In the last fifteen years, there has been a surge of interest and activity in TDA, yielding not only practical new tools for studying data, but also some pleasant mathematical surprises. There have been applications of TDA to several areas of science and engineering, including oncology, astronomy, neuroscience, image processing, and biophysics.
The basic goal of TDA is to apply topology, one of the major branches of mathematics, to develop tools for studying geometric features of data. In what follows, I’ll make clear what we mean by “geometric features of data,” explain what topology is, and discuss how we use topology to study geometric features of data. To finish, I’ll describe one application of TDA to oncology, where insight into the geometric features of data offered by TDA led researchers to the discovery of a new subtype of breast cancer.

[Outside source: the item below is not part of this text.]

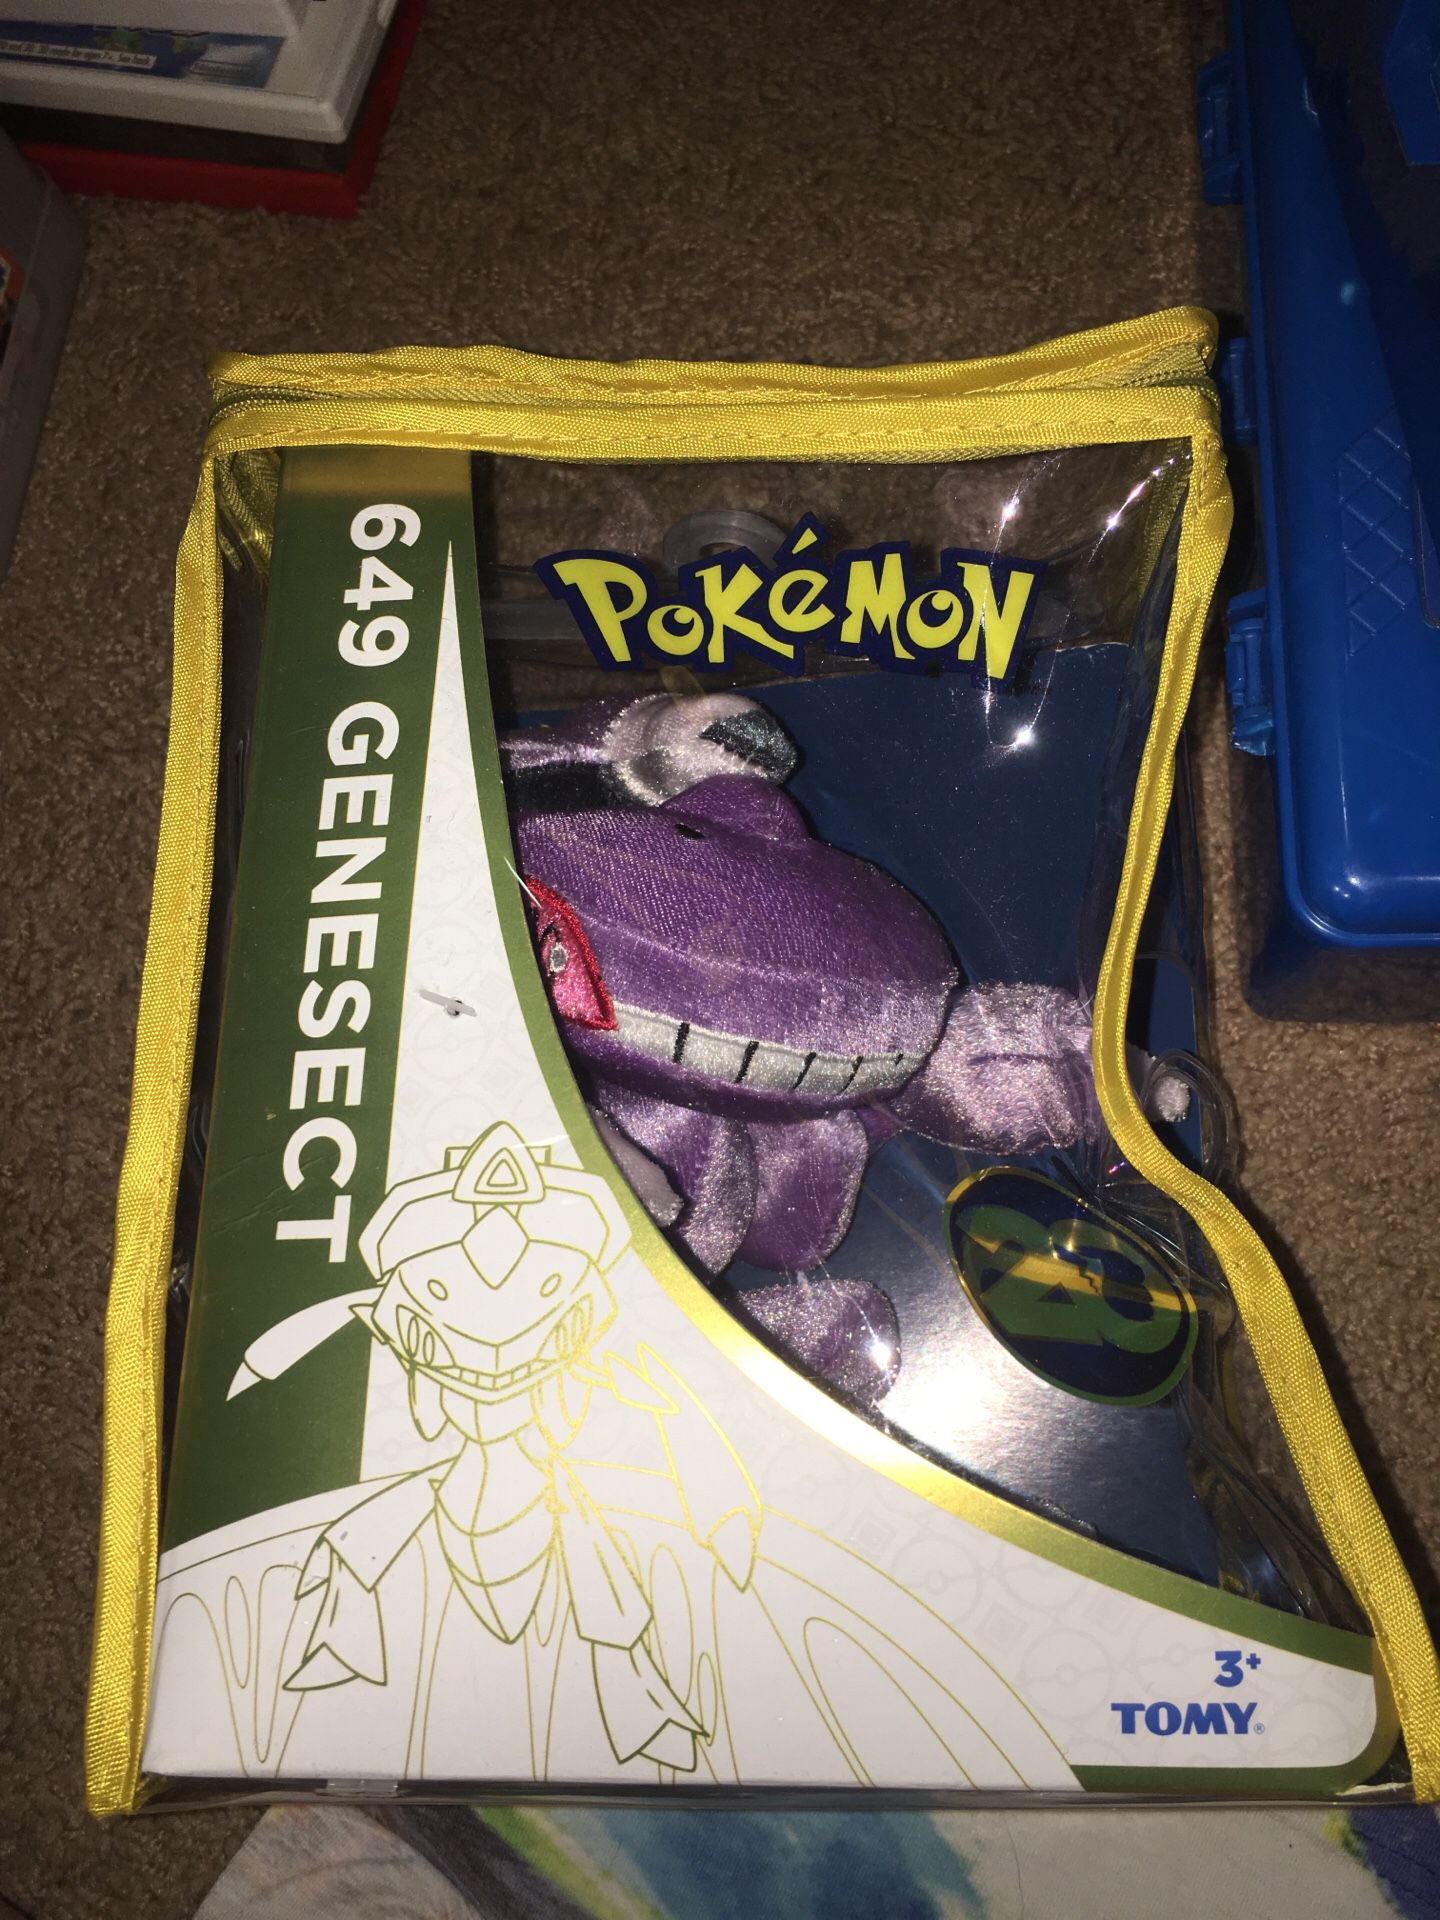 Genesect 20th anniversary Pokemon plush
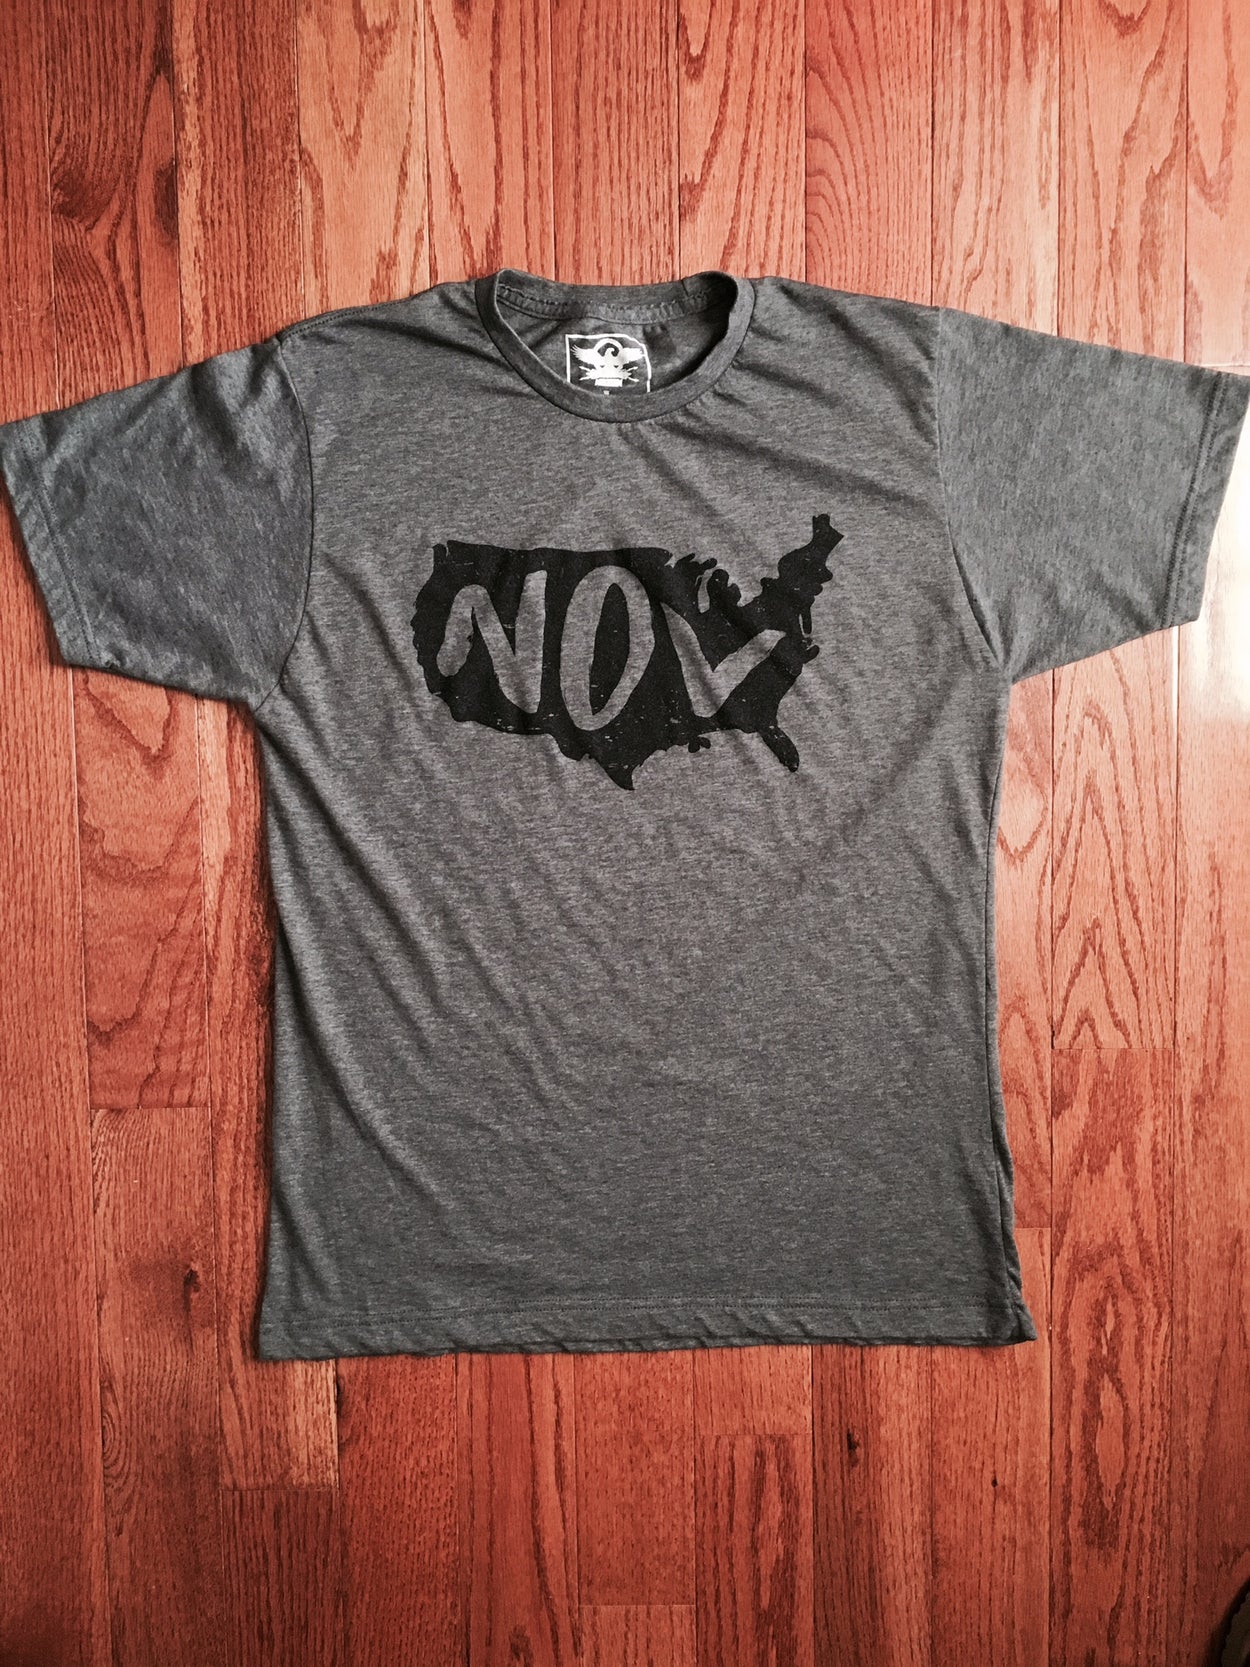 N.O.V. America Shirt - JimWendler.com

In this article, by “data” I simply mean a finite set of points in space. In general, the space in which our points lie can have many dimensions, but for now the reader may think of the points as sitting in two or three dimensions. For a concrete example, each point in adata set in 3-D space might correspond to a tumor in a cancer study, and the x, y, and z coordinates of the point might each correspond to the level of expression of a different gene in a tissue sample of the tumor.
What, then, do I mean by “geometric features of data?” Rather than offer a formal definition, I’ll give three representative examples of the sorts of geometric features of data we study in TDA. I’ll take the data in each of the examples to lie in 2-D space.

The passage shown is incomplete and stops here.